Overall, the design sought to achieve an “Eclectic Harmony” in creating special moments within the space with an unexpected twist. This includes celebrating “Old Austin” with dark materials, colorful and vibrant elements, patterned glass and traditional wallpaper evoking a period design as well as showcasing bat-like patterns to reference the city’s bat colonies residing under the Congress Avenue bridge downtown.

In another daylit corner is the break room, designed to evoke a sophisticated and modern coffee bar vibe. Murillo describes the spaces as a fun wellness hub destination for both employees and clients.

The linear acoustic wood ceiling and curvilinear components once again incorporate the firm’s brand language while also bringing a hospitality vibe to the space. The space extends into a lounge area with a comfortable section of seating options, providing employees with alternative spaces for collaboration and activity-based working.

User-Focused Design

Ultimately, the designers delivered a space which was very much in line with what the client had desired. But reaching that point of truly understanding the firm’s needs was a very collaborative and engaging design process with the client.

“Through a series of test fitting and layout plans and exploring precedent space typology images highlighting experiences and emotions, materiality, furniture and graphics, we were able to capture the vision the team had for their space and contextualize these ideas to the design with Austin’s locale,” Murillo recalled.

As the design progressed through schematic and design development, the team utilized digital 3D visuals such as black and white views to understand space and interior massing. In addition, realistic renderings were shared with the lawyers and stakeholders to help them better understand the functionality and aesthetics of the different spaces. This process was enhanced with material samples and finishes to best strike the Austin vernacular and hospitality look the client was after.

“We looked at different wood tones, stone surfaces and textural metals to bring the ‘Eclectic Harmony’ design concept to life as a hospitable experience focused on local vibes with sophisticated and unexpected moments,” she explained.

The final product and material selections were also guided by user-centered, sustainable design principles. This included only specifying materials from P&W’s “Precautionary List,” to ensure that they were free of substances of concern for end users.

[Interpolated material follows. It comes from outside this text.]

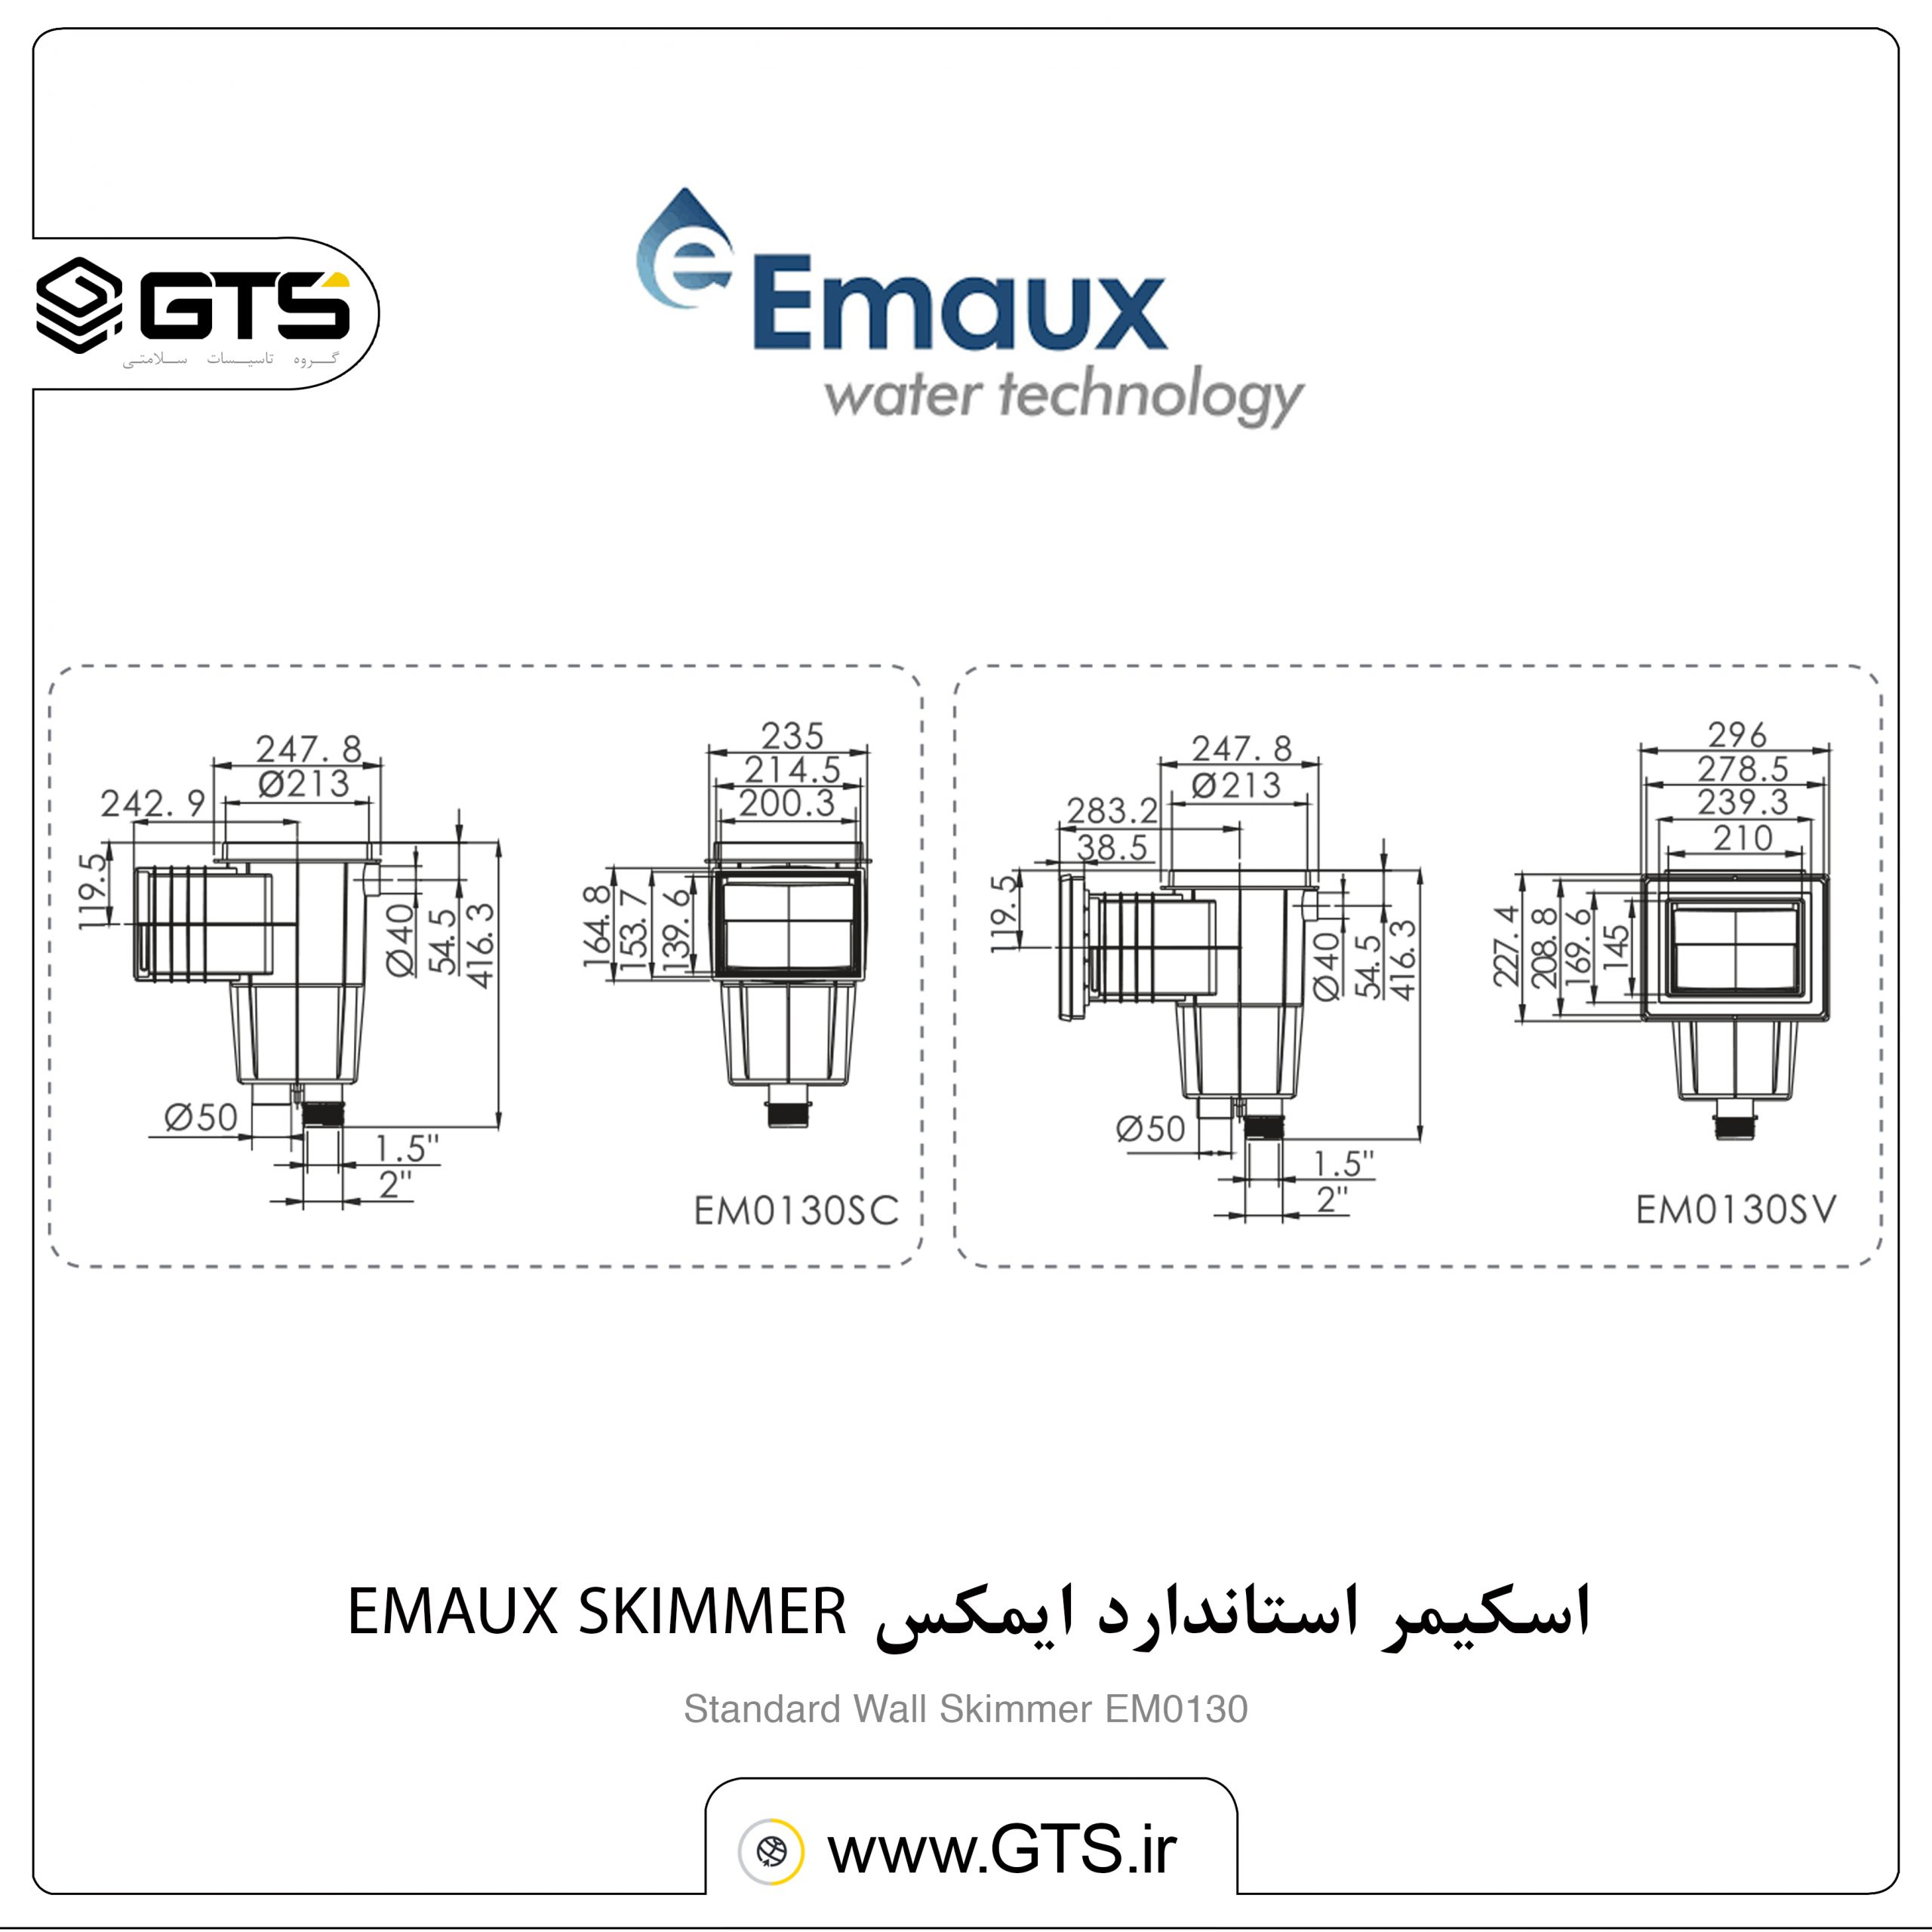 اسکیمر استاندارد ایمکس EMAUX SKIMMER.

Thermal comfort is ensured with the incorporation of thermal zoning and controls. Optimized daylighting, fully dimmable lighting and low-flow faucets complement the eco-friendly design.

Acoustics were another client priority, particularly for the conferencing, breakroom and reception areas. Together with the acoustic consultant, the team selected “wood like” PET acoustic ceilings, and smooth and light-colored acoustic ceiling tiles to resemble a drywall ceiling application.

In private office areas and conference rooms, all partitions were extended to deck to minimize sound transfer through the spaces, and acoustics were enhanced by soft surfaces like acoustic ceiling tiles, carpet, furnishings and drapery, according to Murillo. To ensure high STC ratings of 35 and 45, office and conference areas had demountable glass fronts. Other acoustical design strategies include sound boots on return air devices, and a white noise system to reduce sound carry between spaces.

Content in their new offices, employees and clients are enjoying the upscale, dynamic spaces embracing regional Austin materials, culture and history.

About the Author

Barbara Horwitz-Bennett | Contributing Editor

Barbara Horwitz-Bennett has been covering the AEC industry for the past 25 years. She writes for a number of industry magazines and works with AEC firms and product manufacturers on content writing projects.